The two downstream consumers are:
- **elivagar** (`~/Programs/elivagar`) - vector tile generator. Reads the enriched PBF (with inline way coordinates via `Way::node_locations()`) to produce PMTiles. Pre-processing with `add-locations-to-ways` eliminates elivagar's node store (~44 GB at planet scale), dropping peak RSS from ~65-75 GB to ~15-20 GB.
- **nidhogg** (`~/Programs/nidhogg`) - planet refresh service. Reads the planet PBF for data ingest, then merges daily OSC diffs to keep it current.

## Downstream Consumers

**Elivagar** - tile generation (read-only)
- `Cargo.toml`: `pbfhogg = { path = "../pbfhogg" }` (default features = `commands`)
- Only uses the **read pipeline**; no writes
- Entry: `ElementReader::from_path()` → `.into_blocks_pipelined()` → iterates owned `PrimitiveBlock`s
- Sends way blocks to a worker thread via `SyncSender<PrimitiveBlock>` (bounded queue of 1)
- API surface: `node.id()`, `.decimicro_lat()`, `.decimicro_lon()`, `.tags()`, `way.id()`, `.refs()`, `.node_locations()`, `.tags()`, `rel.id()`, `.tags()`, `.members()`
- `Way::node_locations()` yields `WayNodeLocation` (lat/lon) from enriched PBFs - eliminates the node coordinate store entirely
- Also uses `protohoggr` directly for MVT/PMTiles protobuf encoding (unrelated to PBF I/O)
- File: `~/Programs/elivagar/src/pipeline.rs:340-605`

**Nidhogg** - planet refresh pipeline (read + merge)
- `Cargo.toml`: `pbfhogg = { path = "../pbfhogg" }` (default features = `commands`)
- **Read path**: `ElementReader::from_path()` → `.for_each_pipelined(|element| ...)` - two-pass ingest
  - File: `~/Programs/nidhogg/src/ingest/mod.rs:72-324`
- **Merge path**: delegates entirely to `pbfhogg::apply_changes::merge(base, osc, output, &MergeOptions { .. })`
  - File: `~/Programs/nidhogg/src/merge.rs:6`
  - Currently: zlib compression, no direct_io/io_uring, no locations_on_ways
  - TODO: enable `locations_on_ways: true` once the enriched PBF is bootstrapped
- **No direct BlockBuilder/PbfWriter usage** - nidhogg never constructs PBF blocks itself
- Also reads PBF headers via `BlobReader::from_path()` → `.to_headerblock()` for replication state
  - File: `~/Programs/nidhogg/src/update.rs:95-114`

## Cargo Features in Play

Both consumers use default features. In practice:
- `commands` feature: **enabled** (brings in `roaring`, `serde_json`, `s2` - needed for merge + geocode builder)
- `geocode-reader` feature: **implied by `commands`**. nidhogg can alternatively depend on just `geocode-reader` for the reverse geocoding reader without pulling in `roaring`/`serde_json`.
- `linux-direct-io`: **disabled** (nidhogg passes `false`)
- `linux-io-uring`: **disabled** (nidhogg passes `false`)
- Zlib backend: **zlib-rs** (hardcoded, pure Rust, via flate2)
- Zstd: available but **unused** - nidhogg hardcodes `Compression::Zlib(6)`

## Pipeline 1: Pipelined Read (both consumers)

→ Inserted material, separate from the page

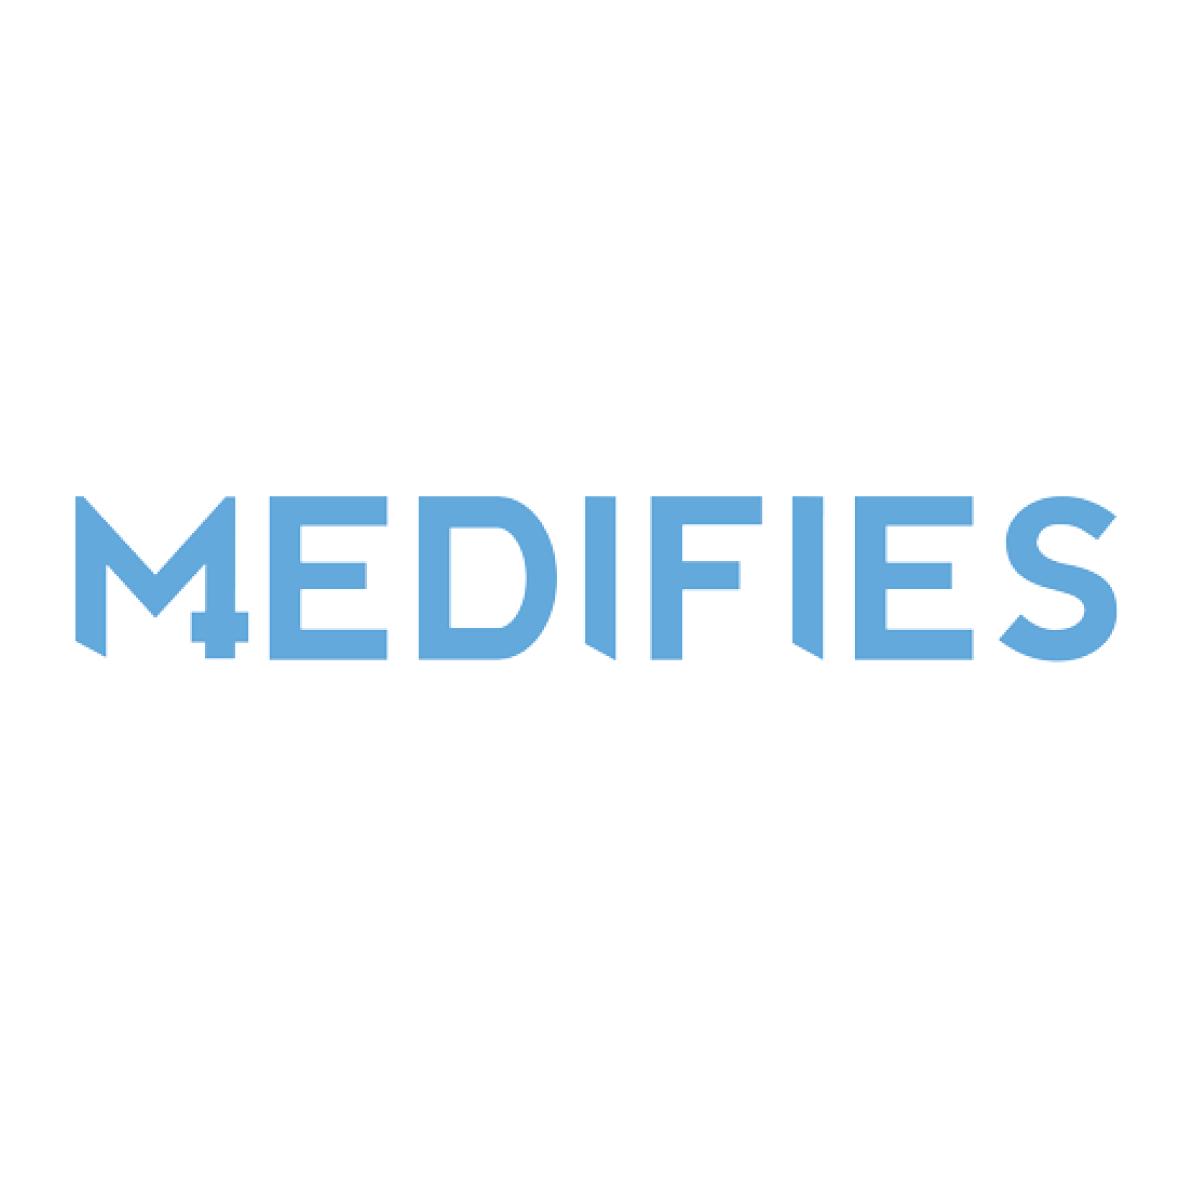 Medifies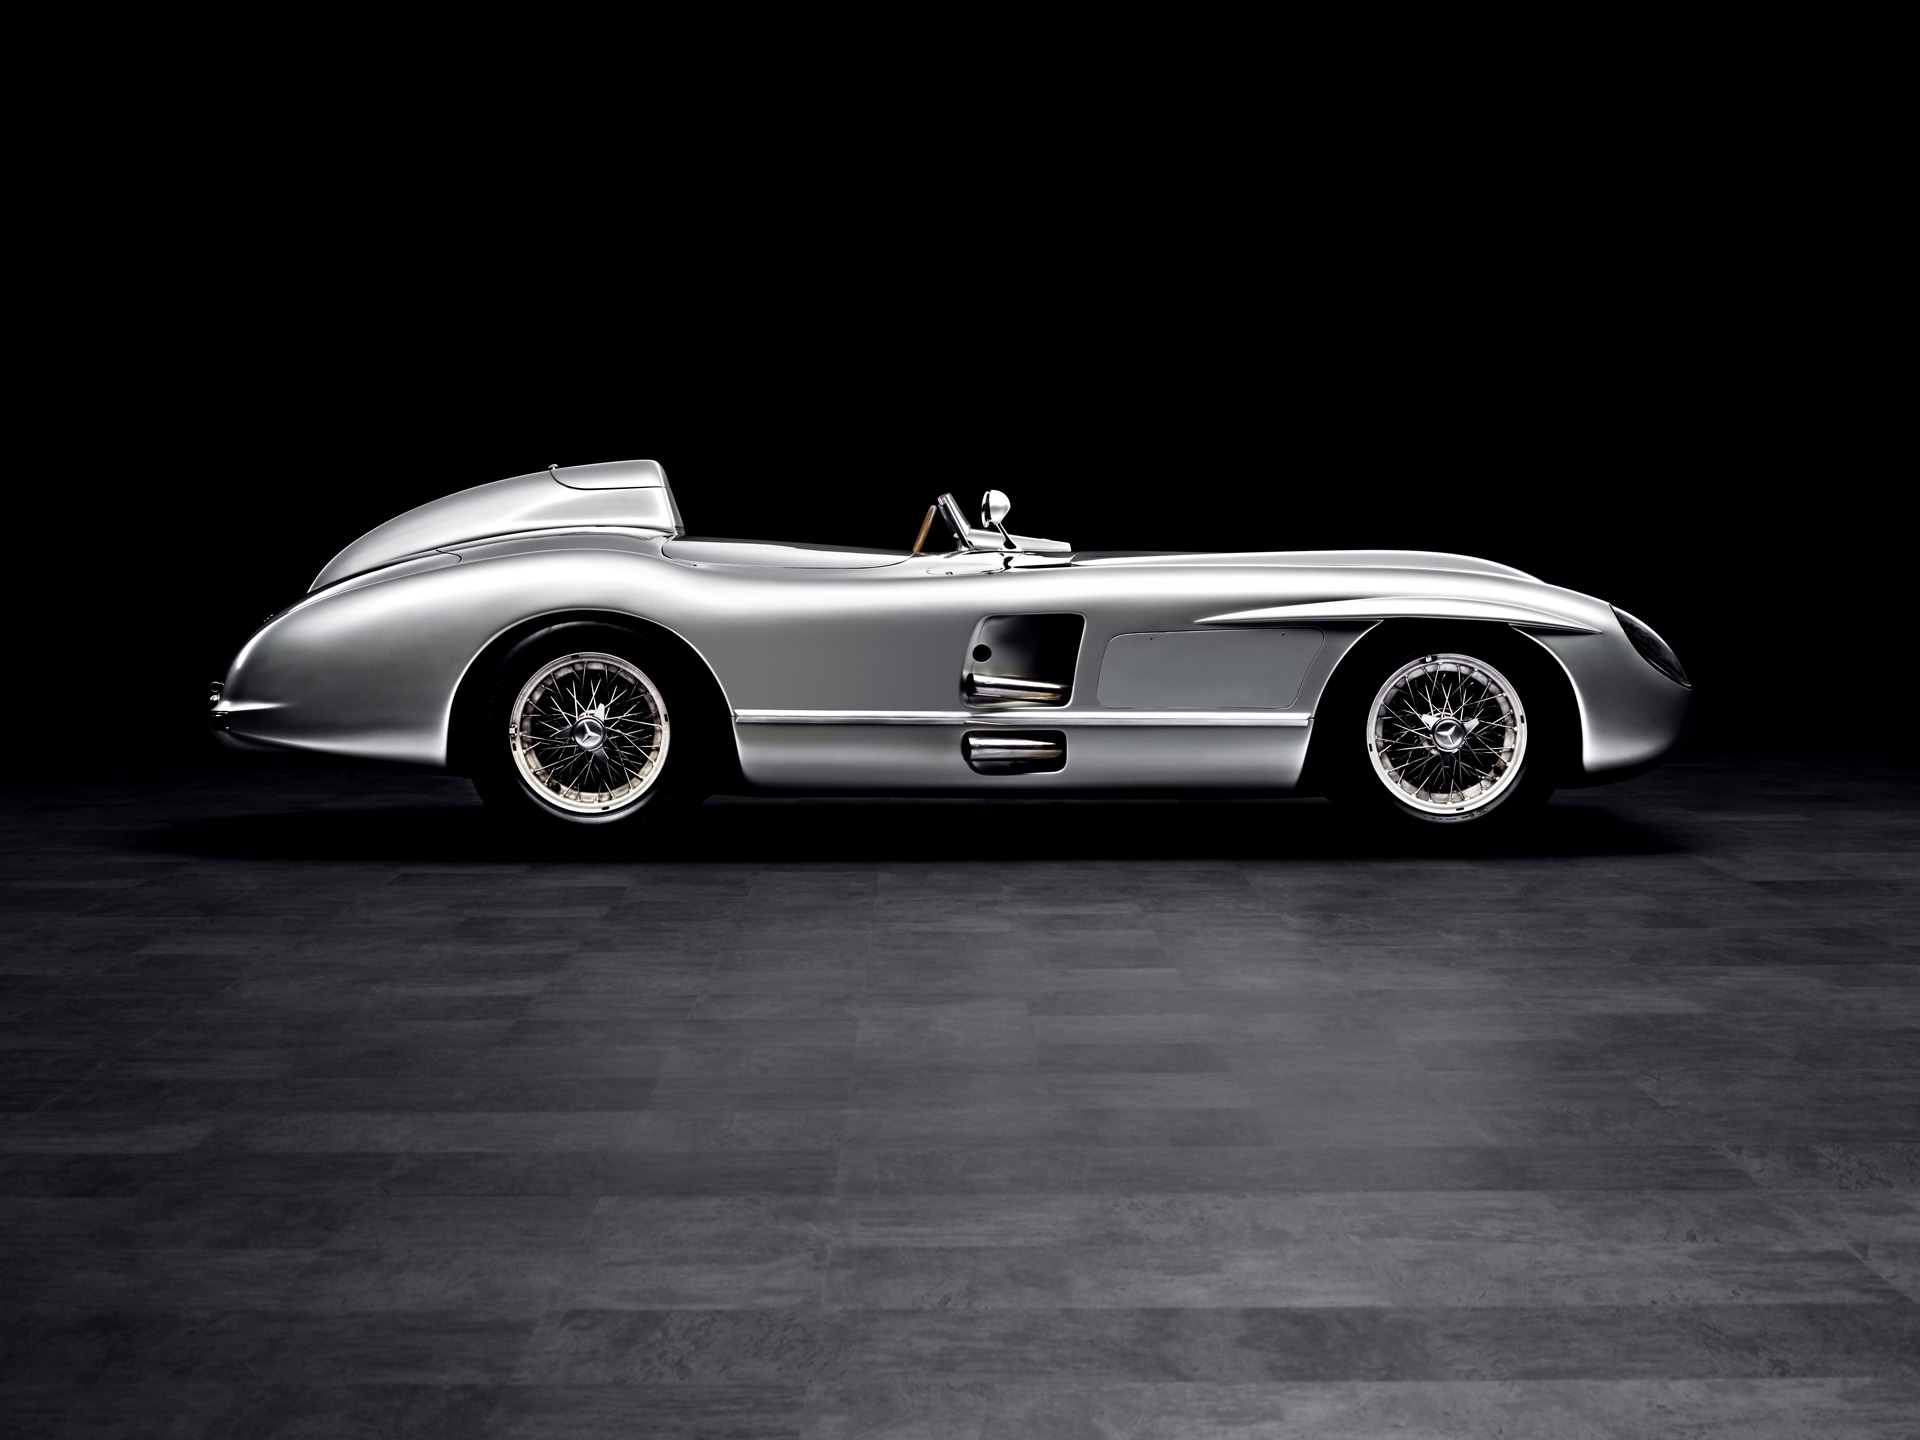 Mercedes benz 300 slr silodrome for 1955 mercedes benz

All source PBFs are zlib-compressed (Geofabrik/AWS). Every read decompresses.

**3-stage pipeline** - `src/pipeline.rs`
1. **I/O thread**: reads raw compressed blobs (~32KB each) sequentially, sends via channel (READ_AHEAD=16 slots)
2. **Rayon decode pool**: parallel decompress + parse. Thread count = `available_parallelism() - 2`
   - `decompress_blob()` - thread-local `flate2::Decompress` with `reset(true)`, reused per thread
   - `DecompressPool` - returns `Vec<u8>` to pool on drop instead of freeing
   - `PooledBuffer` wrapper - custom Drop via `Bytes::from_owner`
3. **Reorder buffer**: `VecDeque<Option<PrimitiveBlock>>` restores file order

**PrimitiveBlock ownership** - `src/read/block.rs`:
- Owns `Bytes` buffer (decompressed ~1.4 MB) + `WireBlock<'static>` (self-referential, unsafe transmute)
- `WireBlock::parse()` - builds `WireStringTable` and `group_ranges` as inline (offset, count) into the decompressed buffer - zero separate allocation
- `to_primitiveblock_inline()` with pool recycling: reuses `PrimitiveBlock` across blobs (string table Vec, group Vecs) via `clear_and_reuse()`

**Element iteration** - zero-copy, zero-alloc:
- `WireGroup` lazy scanner - scans protobuf on-the-fly
- Tag/ref iterators use `PackedSint64Iter`/`PackedUint32Iter` from protohoggr - decode varints from raw bytes, no Vec

**Key allocation sites per blob (read path):**
- Decompression buffer: ~1.4 MB (pooled, reused)
- `WireStringTable`: inline (offset, count) into decompressed buffer - zero separate allocation
- `WireBlock` group_ranges: inline (offset, count) into decompressed buffer - zero separate allocation
- Element wrappers: stack-allocated (~24 bytes each)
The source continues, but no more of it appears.